I had an error when training Phi-3-mini-4k-instruct at DPO, so I fixed it locally.

Question

I had an error when training Phi-3-mini-4k-instruct at DPO, so I fixed it locally.

kawataki-yoshika opened this issue 2 months ago · comments

I made the following modifications and it works for now, but I am not familiar with the structure of the model and have not been able to determine if the modifications, especially around target_module, are appropriate.

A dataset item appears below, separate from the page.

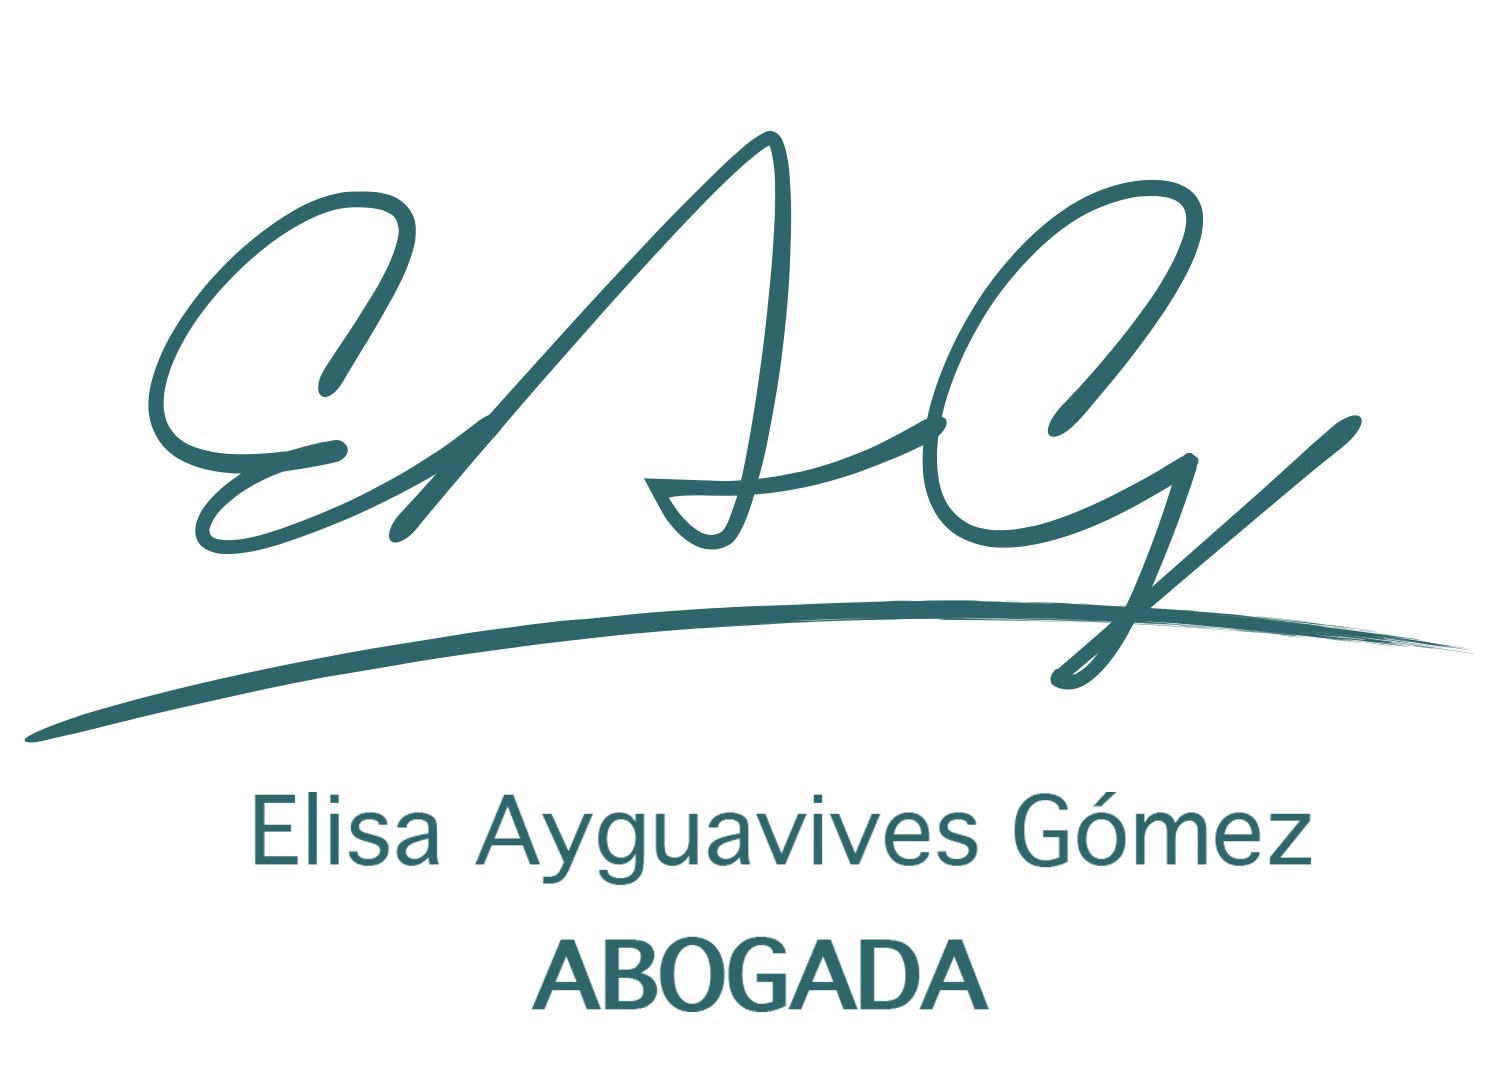 AbogadosEAG – Elisa Ayguavives Gómez – ABOGADA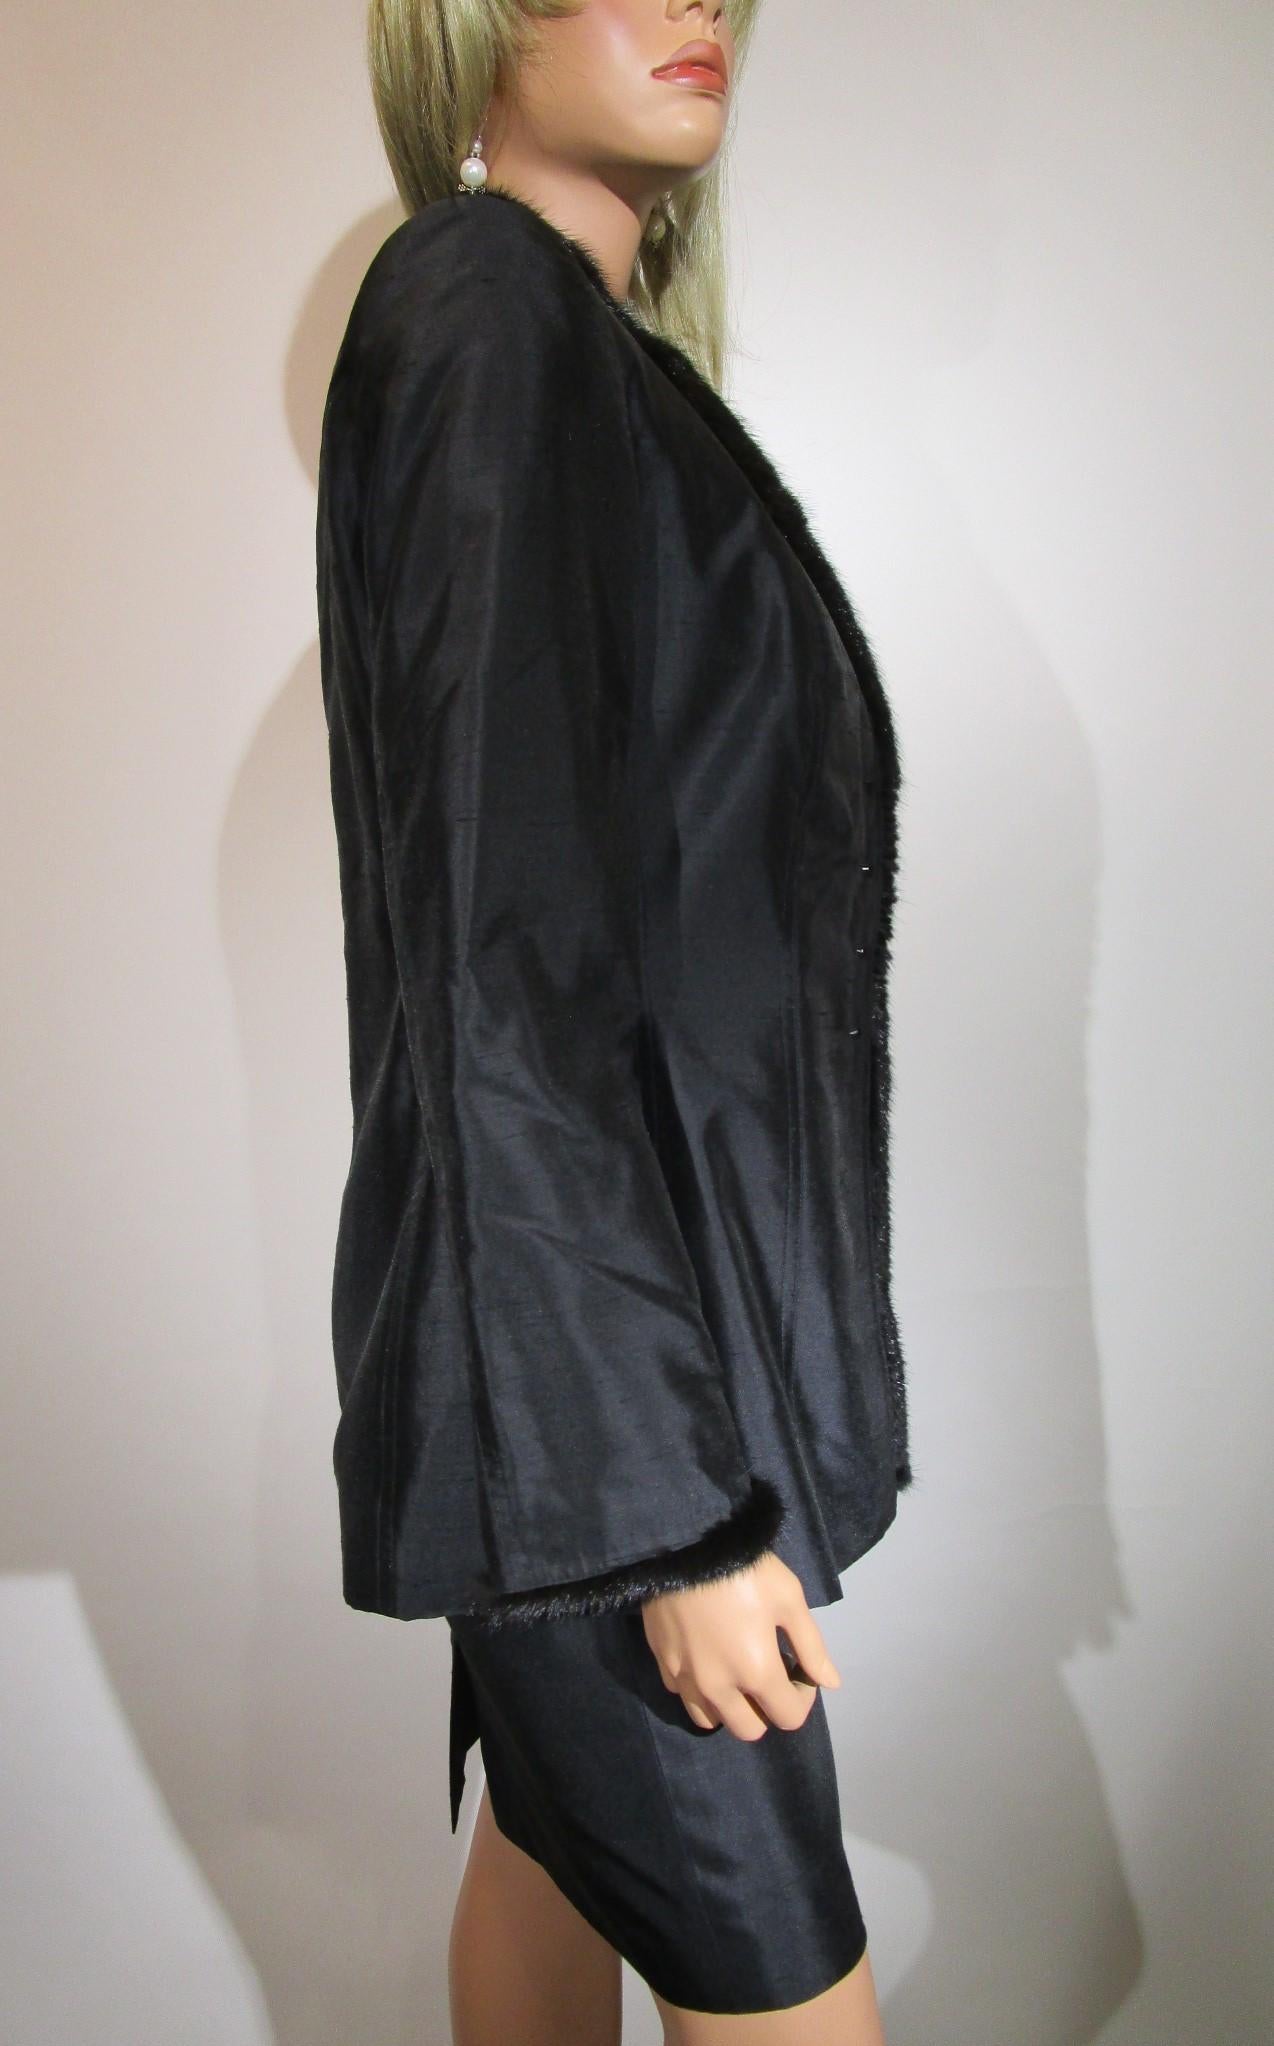 ESCADA 3-piece Set MINK Trim Black Blazer Skirt Tank Top Jacket Sz 36/ US6 For Sale 1

diff --git a/sillm/dpo.py b/sillm/dpo.py
index b97f369..7107a73 100644
--- a/sillm/dpo.py
+++ b/sillm/dpo.py
@@ -94,7 +94,7 @@ if __name__ == "__main__":
 
     # Set conversation template
     if args.template:
-        template = sillm.Template(template=args.template)
+        template = sillm.Template(model.tokenizer, template_name=args.template)
     else:
         template = None

diff --git a/sillm/training/lora.py b/sillm/training/lora.py
index 72f1e4d..7fd4009 100644
--- a/sillm/training/lora.py
+++ b/sillm/training/lora.py
@@ -232,7 +232,7 @@ class TrainableLoRA(LLM):
                 self._lora_modules = [
                     (key, LoRALinear.from_linear(module, rank=rank, alpha=alpha, dropout=dropout, scale=scale))
                     for key, module in self.model.named_modules()
-                    if re.search(r"\.attention\.(wq|wv)$", key)
+                    if re.search(r"\.attention\.(wq|wv|wqkv)$", key)
                 ]
             if len(self._lora_modules) == 0:
                 logger.error(f"No target modules found for LoRA: {target_modules}")

training parameters

train:              data/dpo/
output_dir:         adapters/dpo/
save_checkpoints:   True
save_merge:         True
template:           phi3
max_length:         1024
learning_rate:      1.0e-6
grad_checkpoint:    True
rank:               16
layers:             -1
target_modules:     query_value
q4:                 True
epochs:             1
batch_size:         2
loss_type:          dpop
loss_beta:          0.01
report_steps:       10
eval_steps:         50
validation_samples: 20
seed: 42
plot: adapters/dpo/plot.png

Armin Buescher · Answer 1 · Thu May 23 2024 17:28:12 GMT+0800 (China Standard Time)

Good catch - thank you for sharing the fixed code! I'll add these to a commit and publish in the next version 0.1.5.

Out of curiosity: did the fine-tuning with DPO result on Phi-3-mini work, meaning were you happy with the output?

kawataki-yoshika · Answer 2 · Fri May 24 2024 08:56:33 GMT+0800 (China Standard Time)

The results of the fine-tuning of the phi-3 mini were not good.
I will try to train several times with different parameters, data sets, etc.